Sue’s Story: The Big Journey

and Colin Cliffe1



(1)
North of England, England

 



Acknowledging that breast cancer has a significant impact on the patient, their relatives and their friends, we, the editors, decided to ask Sue to share her story. We spent an evening with Sue and her husband, Colin, to explain about this book and what we wanted from them. They readily agreed to help and during that evening, with the help of Colin, Sue told us her story. It was riveting and moving. Sue and Colin then spent the next few weeks reflecting and making notes, ready for Sue to write her story – the big journey.

Sue’s story is a good starting point for this section of the book, as it provides a real example of a patient’s experience, prior to diagnosis through treatment and her return to work. With Sue’s story in mind, subsequent chapters highlight psychological theories and concepts that might prove valuable in caring for patients. Here is Sue’s story…

I would say that life was going particularly well. I had just completed a gruelling interview and been appointed as the Head of one of the largest schools in the borough, my husband was doing well following open-heart surgery 3 years previously, we were established in our new home and my daughters were settled in school and University respectively. I was fit and healthy and we were enjoying life.

I suppose that at the back of my mind I always had a nagging thought about getting breast cancer- my Mum and Aunt both died of the disease and I had first hand experience of its impact. I did think that, like them, I had until my ’60s until I was really at risk, however!

It was on New Year’s Day 2010 that I discovered a lump. It felt quite hard and unlike the surrounding tissue. As a trained, registered general nurse I suppose I was always a little neurotic about lumps and bumps.

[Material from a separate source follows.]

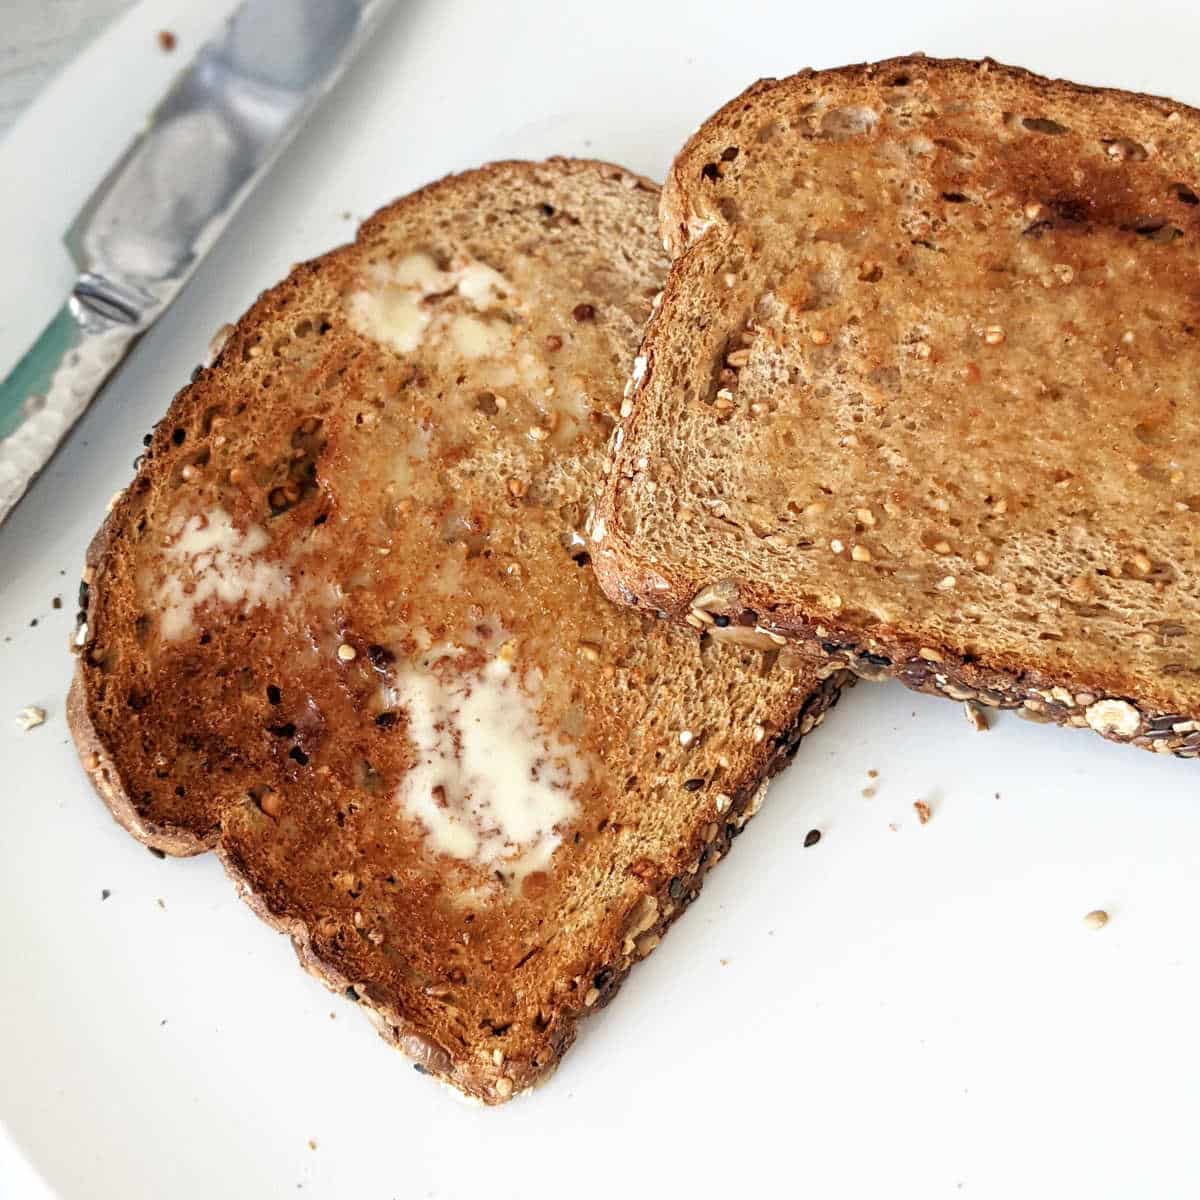 Air Fryer Toast — Toast Bread in Air Fryer Easily!

With a high level of anxiety, I decided to go to my general practitioner (GP) doctor. I initially saw a male doctor who told me he wouldn’t examine me and that I should see a lady doctor the following week. When I saw her she examined me and said that it “Definitely isn’t cancer” and that I should return in the future if I was still worried as it might be hormonal and may alter with my periods. This was music to the ears and, I admit, I did try to forget about the lump, convincing myself that that part of my breast had always been rather lumpy.

Three months later I was having a break in a touring caravan busying myself with a spot of vacuuming when the machine bellowed out copious quantities of dust- this made me extremely wheezy and I ended up in the local accident and emergency centre on a Salbutamol nebuliser. This restored me to the joys of normal breathing and I was advised to go to my GP to discuss my diagnosis of Asthma. This event, indirectly, started the treatment for my breast cancer. When I saw my GP I mentioned, almost in passing, that the lump in my right breast was still there. She examined me and reiterated her opinion that it wasn’t cancer. However, she did suggest that I visit the Breast Clinic at our local hospital.

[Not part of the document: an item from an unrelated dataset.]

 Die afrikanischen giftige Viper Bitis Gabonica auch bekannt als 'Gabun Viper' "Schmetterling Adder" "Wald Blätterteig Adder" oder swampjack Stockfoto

The appointment was made and I attended on my own as I was sure that there wouldn’t be a problem. My visit took the form of a series of experiences. As I was just 50, I had never had a mammogram before and this was the first stage of the visit. I approached the machine with trepidation. The lady performed the procedure in a fairly perfunctory way and I was amazed at the level of pain that the procedure caused. I was so relieved to leave the room and I went out to wait for the next stage – the meeting with the Registrar. She was delightful! She examined me and said she could feel a lump but she was unsure about whether it should cause concern. She said the only way to be sure was to have a biopsy. What was to follow was, I think, one of the worst parts of the visit beaten only by the diagnosis.

I went into a darkened room and was asked to lie on the couch. The radiologist used ultrasound to establish the location of the lump and he let me know that he could see it on the monitor. He told me that he was going to take some core biopsies and that he would give me a local anaesthetic. When this took effect, he cut me (no pain- phew!) and at this point I realised that I was becoming frightened. I asked the nurse who was in attendance if I could hold her hand which she did. I feel that I might have coped better if I had been distracted by small talk rather than waiting and having time to reflect on how awful this experience might be. The nurse merely watched the procedure. The radiologist then pushed a needle (much larger than I imagined – I thought it would be the size of an injection needle!) into my breast and then he told me that there would be a loud click. I think this was a vast understatement. I thought that I’d been shot – the force was quite startling and by the third shot, I had become a little more relaxed, if that was possible. When I was dressing, the nurse told me that I had been very brave. I thanked her for her support.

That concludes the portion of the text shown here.